● Exercise brief
Check each line of the entries below for the string "Installation"; copy every line where it appears.

Stored records
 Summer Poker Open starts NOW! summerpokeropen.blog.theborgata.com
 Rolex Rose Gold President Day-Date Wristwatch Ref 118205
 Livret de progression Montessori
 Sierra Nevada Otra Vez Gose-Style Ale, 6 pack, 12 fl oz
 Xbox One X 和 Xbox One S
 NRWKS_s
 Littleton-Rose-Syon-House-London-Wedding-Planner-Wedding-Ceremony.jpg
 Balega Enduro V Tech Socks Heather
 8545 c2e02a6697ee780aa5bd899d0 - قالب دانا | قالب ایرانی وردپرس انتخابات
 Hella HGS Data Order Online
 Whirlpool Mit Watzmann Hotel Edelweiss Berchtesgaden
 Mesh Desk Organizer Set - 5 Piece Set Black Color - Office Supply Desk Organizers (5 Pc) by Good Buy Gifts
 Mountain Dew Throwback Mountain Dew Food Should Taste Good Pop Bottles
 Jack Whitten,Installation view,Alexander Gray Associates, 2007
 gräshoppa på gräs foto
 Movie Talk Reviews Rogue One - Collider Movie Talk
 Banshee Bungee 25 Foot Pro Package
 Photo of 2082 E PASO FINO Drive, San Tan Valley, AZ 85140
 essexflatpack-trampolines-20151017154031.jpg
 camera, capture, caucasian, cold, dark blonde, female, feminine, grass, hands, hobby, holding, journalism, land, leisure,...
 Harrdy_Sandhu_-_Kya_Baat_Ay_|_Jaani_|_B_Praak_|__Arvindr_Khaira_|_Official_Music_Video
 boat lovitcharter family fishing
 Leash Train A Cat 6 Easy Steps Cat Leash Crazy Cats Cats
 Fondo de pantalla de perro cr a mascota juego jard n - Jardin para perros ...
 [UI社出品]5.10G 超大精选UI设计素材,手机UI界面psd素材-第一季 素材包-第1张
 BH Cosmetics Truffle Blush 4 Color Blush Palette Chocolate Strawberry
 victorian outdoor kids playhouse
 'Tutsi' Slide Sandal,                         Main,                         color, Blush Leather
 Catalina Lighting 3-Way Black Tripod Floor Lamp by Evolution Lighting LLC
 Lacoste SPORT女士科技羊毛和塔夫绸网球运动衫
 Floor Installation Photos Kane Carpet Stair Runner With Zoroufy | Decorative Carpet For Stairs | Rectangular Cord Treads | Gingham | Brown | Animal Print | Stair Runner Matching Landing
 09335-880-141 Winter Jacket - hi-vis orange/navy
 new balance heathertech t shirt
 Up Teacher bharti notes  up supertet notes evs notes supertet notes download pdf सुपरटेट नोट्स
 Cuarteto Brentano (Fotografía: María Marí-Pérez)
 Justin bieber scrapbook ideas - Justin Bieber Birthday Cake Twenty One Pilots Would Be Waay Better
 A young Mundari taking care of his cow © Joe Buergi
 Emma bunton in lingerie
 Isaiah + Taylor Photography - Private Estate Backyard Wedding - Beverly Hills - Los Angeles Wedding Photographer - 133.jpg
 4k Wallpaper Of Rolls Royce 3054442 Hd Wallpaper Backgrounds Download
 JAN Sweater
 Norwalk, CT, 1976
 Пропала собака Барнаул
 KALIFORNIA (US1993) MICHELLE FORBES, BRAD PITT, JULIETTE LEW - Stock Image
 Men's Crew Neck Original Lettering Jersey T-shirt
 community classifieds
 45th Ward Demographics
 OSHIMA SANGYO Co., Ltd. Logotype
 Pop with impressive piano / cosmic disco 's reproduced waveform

● Exercise solution
 Jack Whitten,Installation view,Alexander Gray Associates, 2007
 Floor Installation Photos Kane Carpet Stair Runner With Zoroufy | Decorative Carpet For Stairs | Rectangular Cord Treads | Gingham | Brown | Animal Print | Stair Runner Matching Landing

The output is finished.